Creating external data flows
External Data Flow (EDF) is a rule for defining the flow of data on the graphical canvas and executing that flow on an external system. With EDF, you can run predictive analytics models in a Hadoop environment and utilize its infrastructure to process large numbers of records to limit the data transfer between Hadoop and the Pega Platform.
- External Data Flow rules - Completing the Create, Save As, or Specialization form
- Data flow tab on the External Data Flow form
Through an external data flow (EDF), you can sequence and combine data based on an HDFS data set and write the results to a destination. The sequence is established through a set of instructions and execution points from source to destination. Between the source and destination of an external data flow, you can apply predictive model execution, merge, convert, and filter instructions.

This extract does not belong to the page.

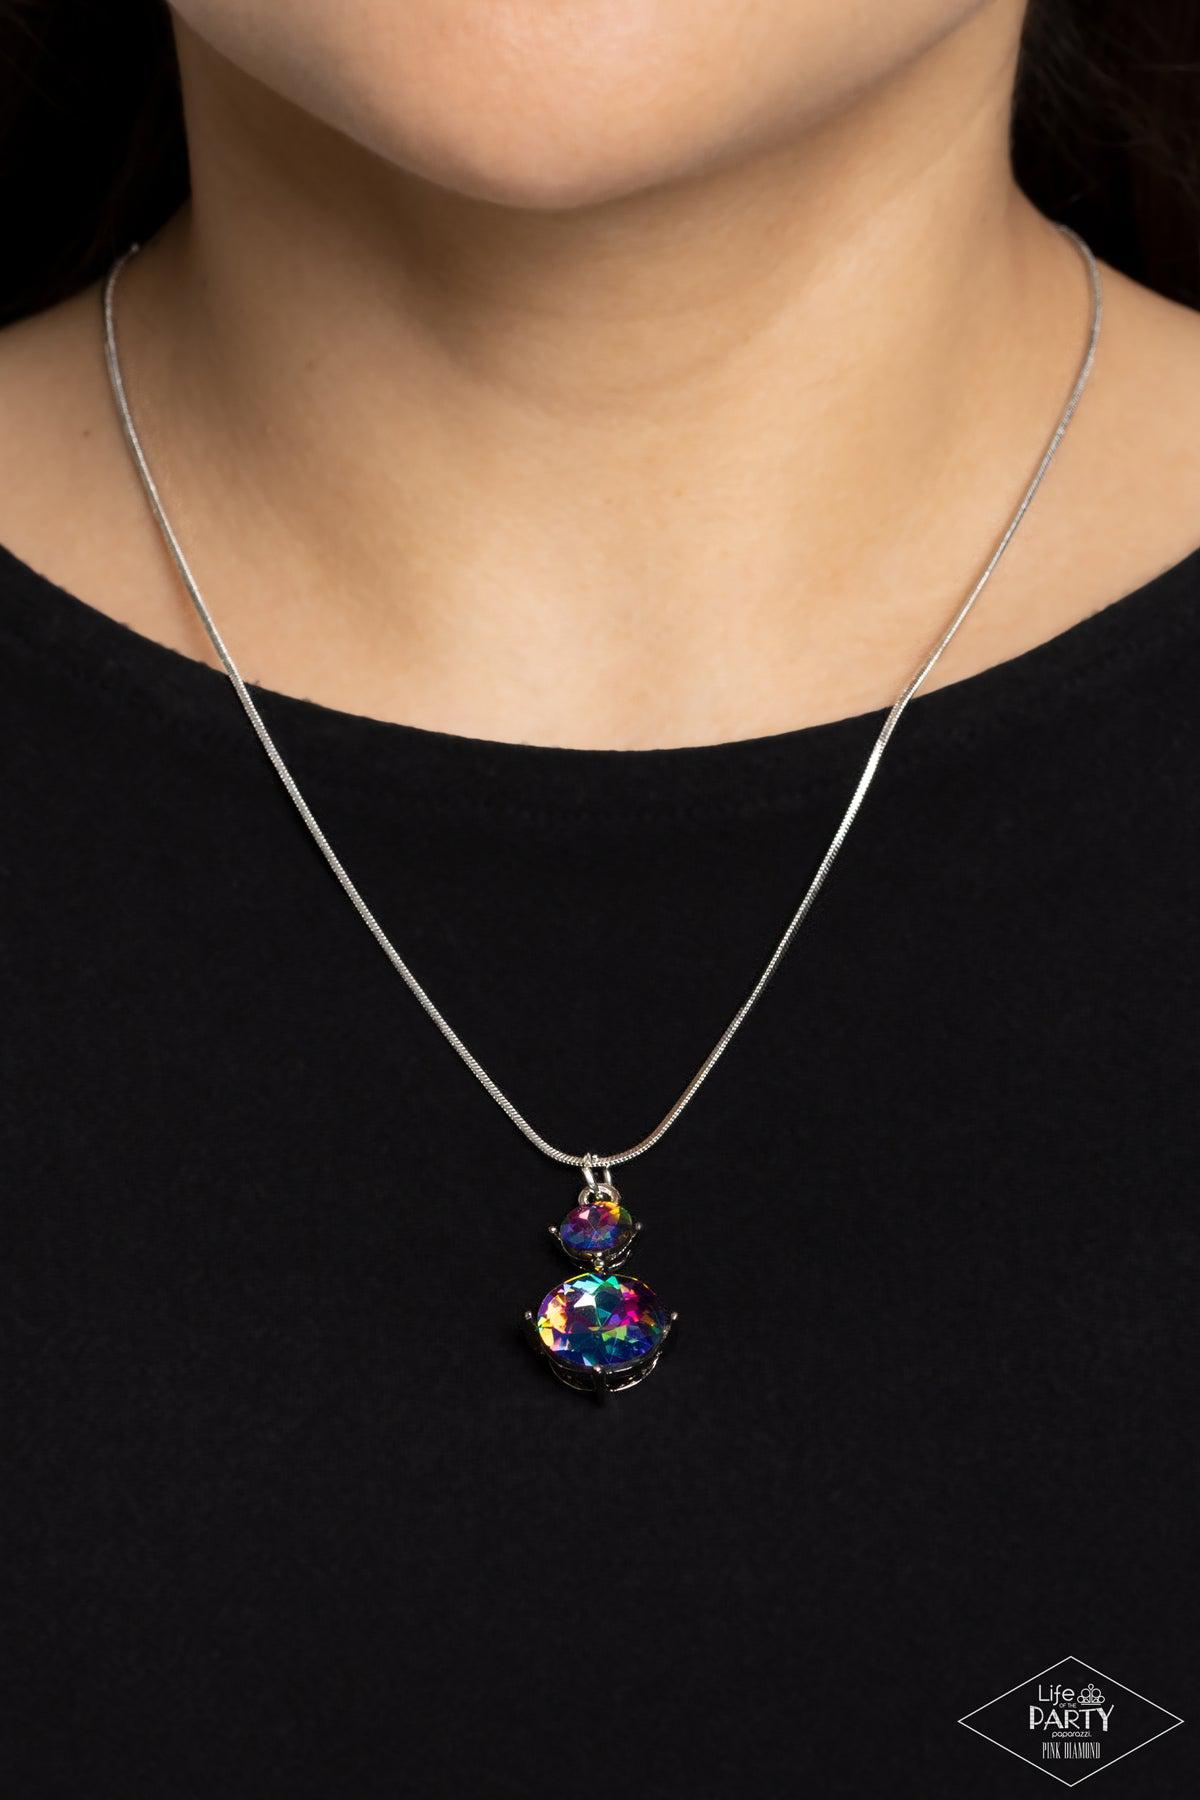 Top Dollar Diva Multi UV Shimmer Rhinestone Necklace - Paparazzi Accessories- lightbox - CarasShop.com - $5 Jewelry by Cara Jewels

- Configuring YARN settings
Configure the YARN Resource Manager settings to enable running external data flows (EDFs) on a Hadoop record. When an external data flow is started from Pega Platform, it triggers a YARN application directly on the Hadoop record for data processing.
- Configuring run-time settings
You can apply additional JAR file resources to the Hadoop record as part of running an external data flow. When you reference a JAR resource file in the Runtime configuration section, the JAR file is sent to the working directory of the Hadoop record as part of the class path each time you run an external data flow. After an external data flow finishes, the referenced resources are removed from the Hadoop.